If you see the Buddha in the road… a modern football parable

*** I wrote this ten years ago, or longer.  Seems pertinent again.


If you see the Elway Manning in the road, kill him

There is an old saying in Buddhism: If you see the Buddha in road, kill him.

Here in Denver, even since John Elway left… every QB is compared to him heavily. It is getting incessant and deafening. It reminds me of the boy who had to utter in every after school movie: I’m not Timmy, Dad. Timmy is dead. My name is Sam and I like to dance. When will you accept me, dad?
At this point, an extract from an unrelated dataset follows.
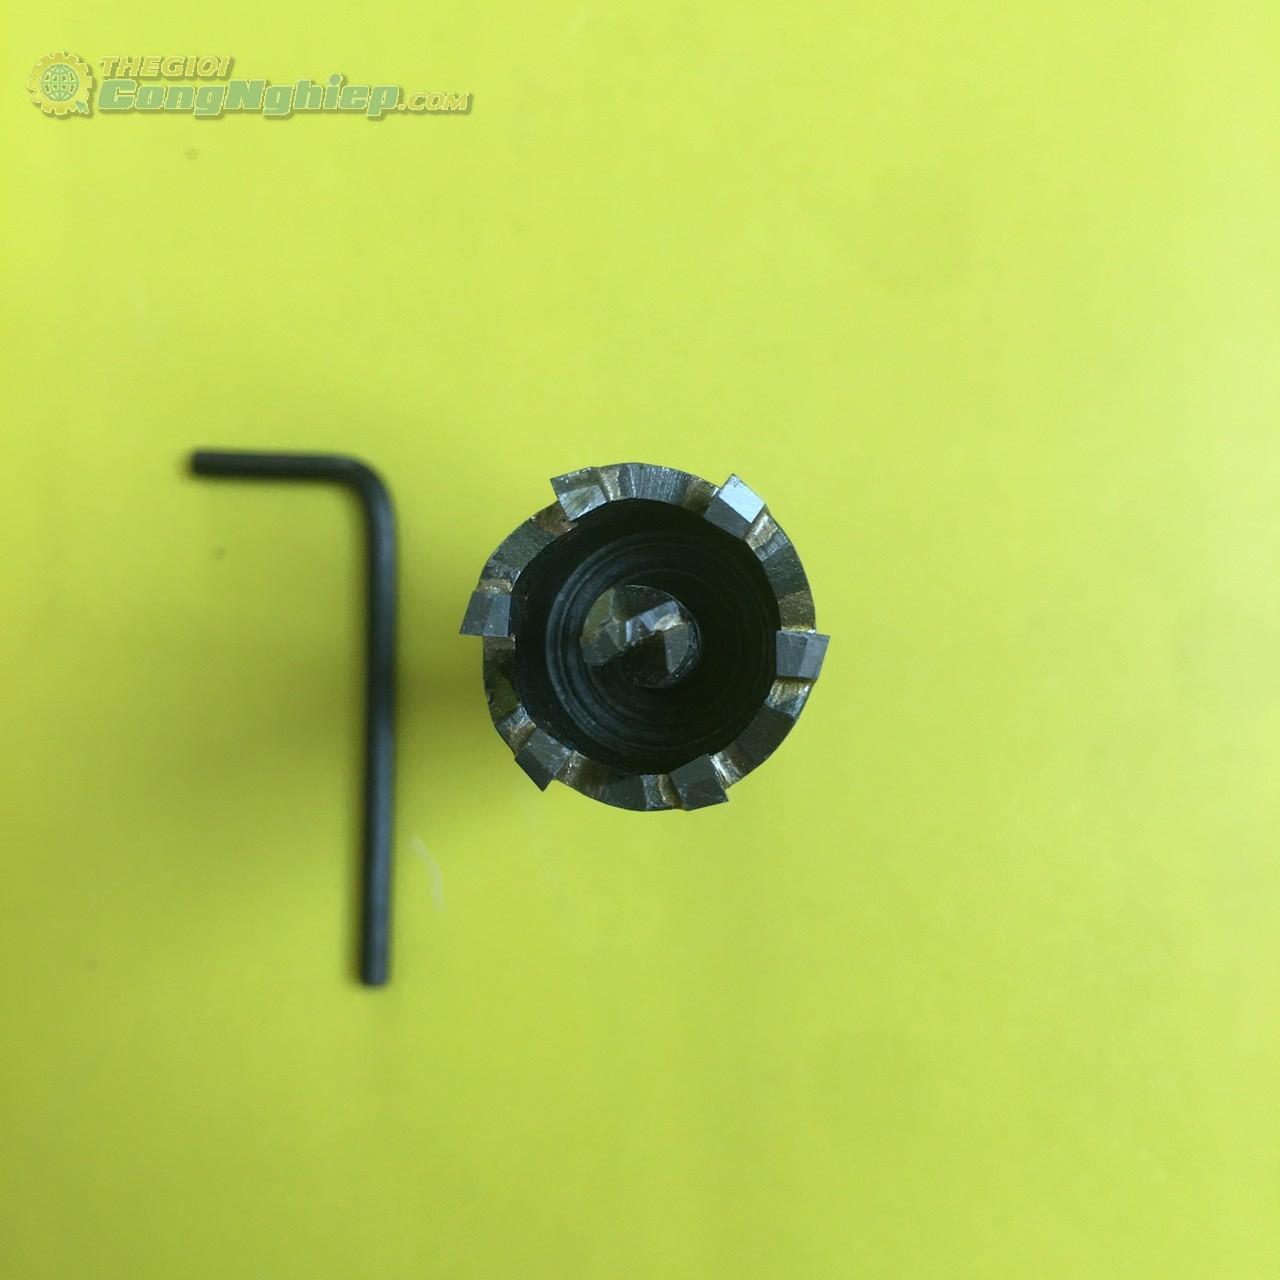 Iron nose TGCN-50536 THANGLOI

After just watching the worst performance of a pro-football team I can ever remember… I know what is coming. For the next week, every yahoo sportswriter in Denver will be calling for Jake’s head. Every sentient being will want him fired and say I told you so. Problem with that is, had we won, every single yahoo sportswriter would say “he’s our boy! Told you so! Golden child, that Plummer… he just didn’t have a proper offense in Phoenix, that’s all.

The next thing they are going to do is call for coach Shannahan’s job. They are going to explain to you that Shanny hasn’t won a playoff game without Elway. This is true, but we have also had a winning season every season he has been here. Problem is, we just choke in the playoffs (big time).

The meaning of the phrase ‘if you see the Buddha in the road, kill him’ is this: Buddhism is inside you, and not about a deity. Buddhism is about living by a set of self governing rules that dictate you do no harm to others. It is called the ‘Eightfold path’. The Buddha declared while he was alive that he was NOT a supreme being or immortal. The point is that if you see the Buddha in the road, you are not practicing Buddhism. Buddhism is about yourself and what’s inside. Buddhism is about your choices and actions. So, if you see the Buddha in the road… kill him. Kill him because he represents your desires and manifestations of outward grace and spirituality.

This is about attachment, and ego.

What every single QB we have had has needed and wanted to say to the media: I am not John Elway Peyton Manning,  dad. I wasn’t and never will be. He is gone forever, and I need you to accept that.  I just want to dance!  When will you accept that?